Dutch-shot and co-financed, Shock Head Soul is a restrained, cerebral piece that will be of interest to anyone who has ever tangled with mental illness. It also has much to contribute to a wider understanding by hosting, as it does, an external commentary on the case from eminent psychiatrists and social commentators, who help contextualise Pummell’s dramatisation of Schreber’s illness.

And underpinning it all is a strong and convincing performance from Hugo Koolschijn as the German supreme court judge who was brought low by madness and confinement.

Pummell’s (Bodysong) style is refined here, its ‘Dutch Masters’ influence clean and clear in the painterly way he approaches Schreber’s courtroom, which opens out to become a court of debate with modern-day experts (clothed in period costume) delivering their understanding of his case, and through it, the subject of mental illness.

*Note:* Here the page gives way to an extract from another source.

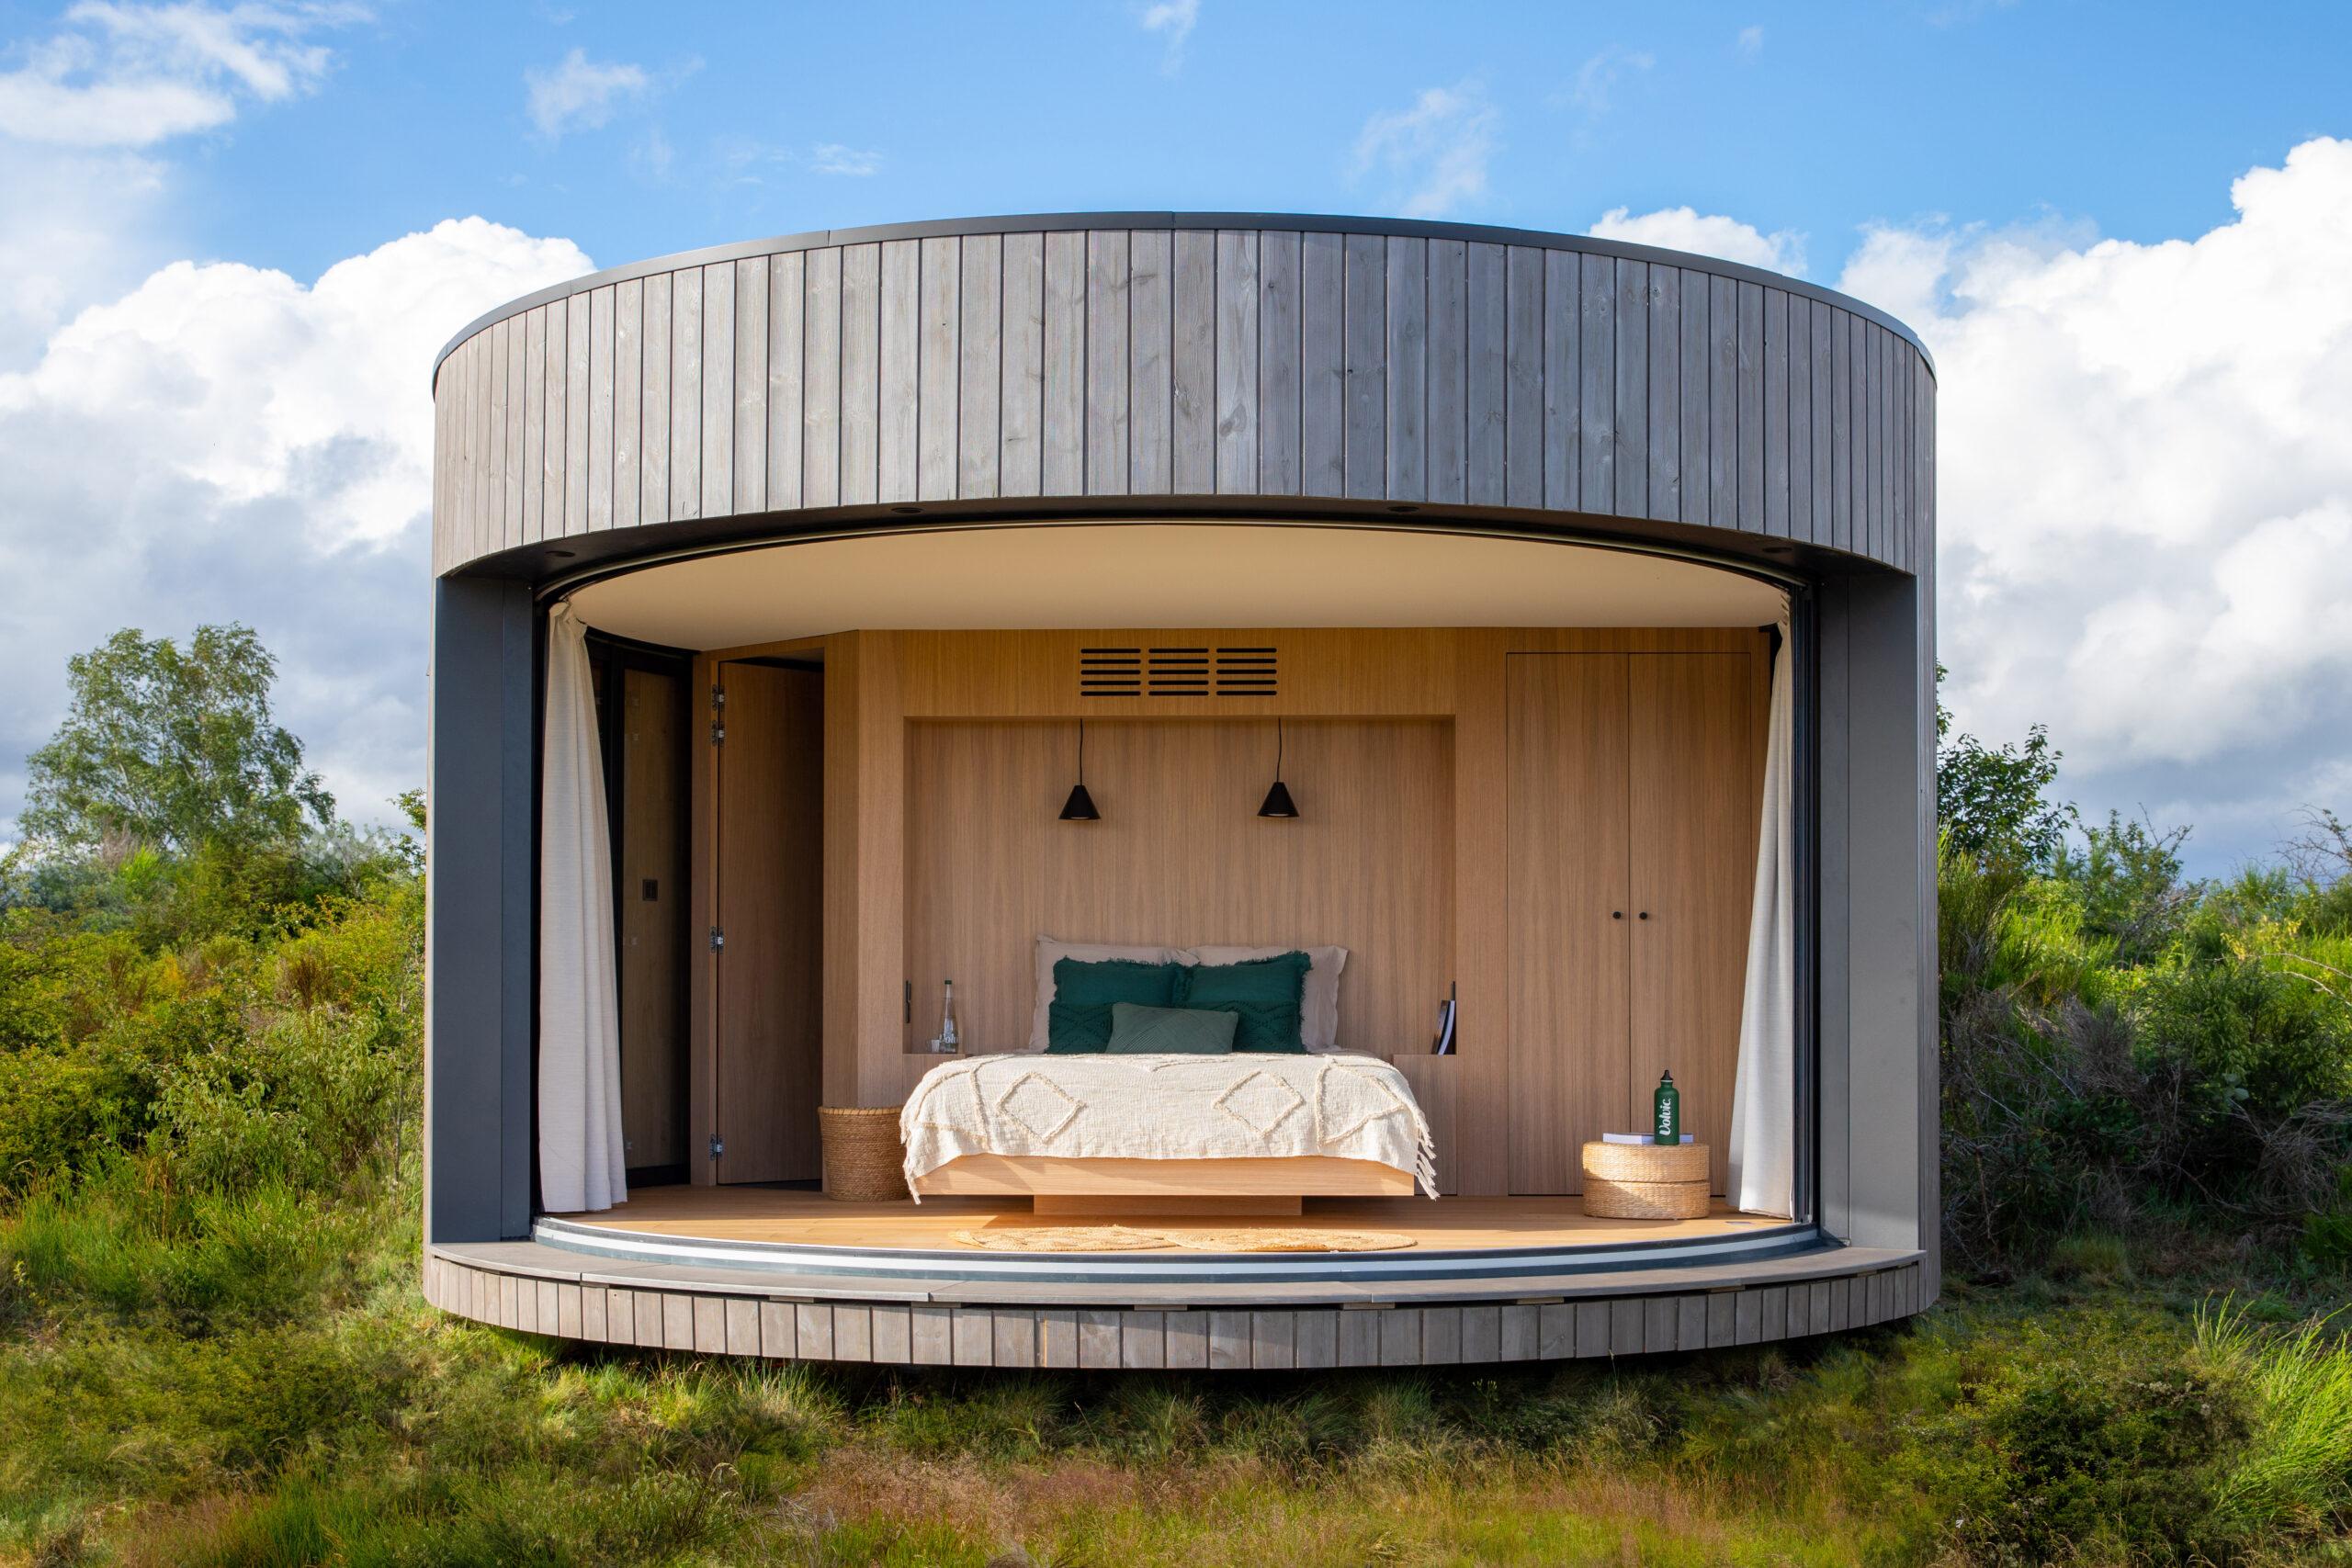 Volvic x Airbnb

Schreber was the youngest judge appointed to the Supreme Court in Dresden, Germany, yet ten years after his appointment he was back in the chamber to plead for his freedom as a psychiatric patient. His defense, which took the form of a memoir, has been celebrated over the last century as the most illuminating treatment of “madness from the inside” and his case was famously analysed by Freud.

Pummell examines the manifestations of Screber’s madness - he believed that a Writing Down Machine, presented as a pulsating Cronenberg-style orb with typewriter keys (a la Naked Lunch), helped him to communicate with God. The director interprets Screber’s vision of rays of illumination by astute use of special effects, so much so that we understand an expert when he states: “The psychotic world is very uncomfortable for some people; they forget that there is another version of seeing reality.”

Pummell also looks at the whole man; Schreber’s marriage to Sabine (Pfeifer) which resulted in six stillborn children, although she apparently already had a daughter through some incident of presumed infidelity. His brother, too, killed himself in the throes of syphilis. And Screber’s father devised a notorious torture-like system of restraints for children that were widely used across Germany at the time.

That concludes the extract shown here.